Thread Rating:
  • 1 Vote(s) - 5 Average
  • 1
  • 2
  • 3
  • 4
  • 5
Compiler Speed Trials
#46
boriel Wrote:A Question: Are you using float or fixed? Or both?

BM7 is Integer only.
BM8 uses the sine and ln functions, so is Float.
fSin moves the sin function to Fixed. Still uses ln (float) though.
Reply
#47
Added in some Draw Benchmarks:
I also very slightly changed the code to make it easier to use the three benchmarks. I think this added a fixed 0.02 second (1 frame) overhead into the benchmark from another goto. I decided this was near enough to not worry about too much.

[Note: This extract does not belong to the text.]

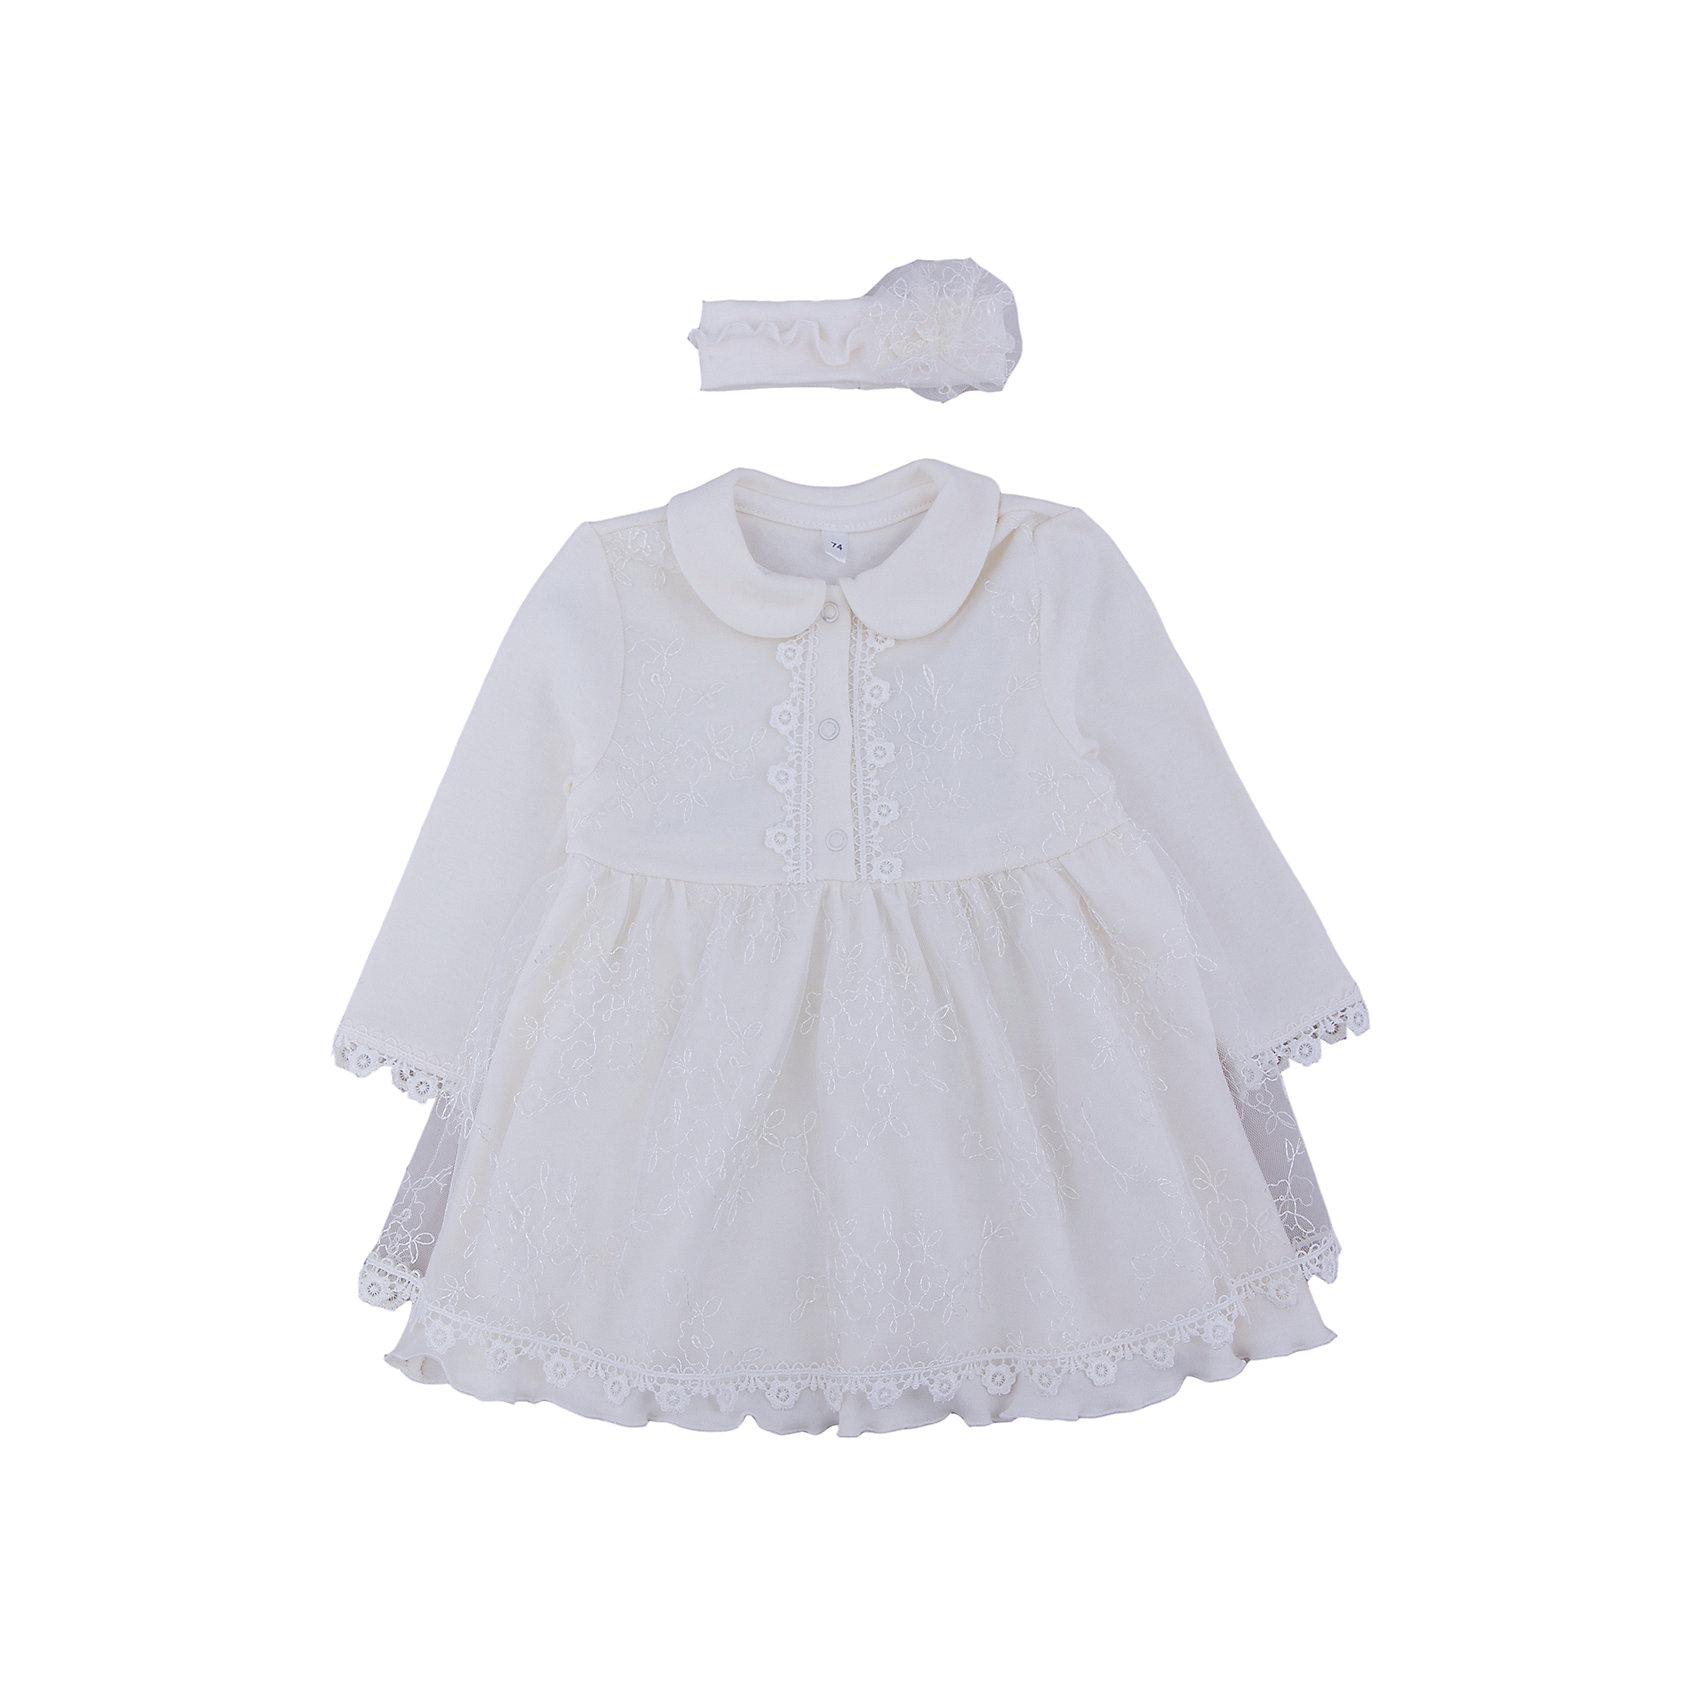 Комплект: платье и позязка на голову  для девочки Soni kidsКомплект: платье и позязка на голову   КОМПЛЕКТЫ НА ВЫПИСКУ  для девочки Soni kids <br>Состав: 100% хлопок<br><br>Ширина мм: 157<br>Глубина мм: 13<br>Высота мм: 119<br>Вес г: 200<br>Цвет: разноцветный<br>Возраст от месяцев: 6<br>Возраст до месяцев: 9<br>Пол: Женский<br>Возраст: Детский<br>Размер: 74<br>SKU: 4944798

Clearly the draw code improved at 1.27; though the curved line code is still hampered by the ROM code. It might not be fair to test that part, since it's so rarely used!

Code:
BM1      BM2      BM3      BM4      BM5      BM6      BM7      BM8                       BMDRAW
        Sinclair           4.46     8.46     21.56    19.82    25.34    60.82    87.44    23.30                     80.18
       ZX Basic 1.26 -O3                                                          2.12    20.78
       ZX Basic 1.26-r1603 -O3                                                    0.94    20.78 (17.14 with fSin)
       ZX Basic 1.26-r1812 -O3                                                    1.36    29.00 (24.22 with fSin)   38.02
       ZX Basic 1.27- r2114 -O3                                                                                     30.42
       ZX Basic 1.2.8-r2153 -O3                                                   1.36    29.06 (24.18 with fSin)
       ZX Basic 1.2.8-s644 -O3                                                    1.34    29.02 (24.22 with fSin)   30.42
Reply
#48
britlion Wrote:New benchmarks with 1.2.8.s644. 1.26-r1603 is still the speed king for ZX Basic. Hisoft fastest overall.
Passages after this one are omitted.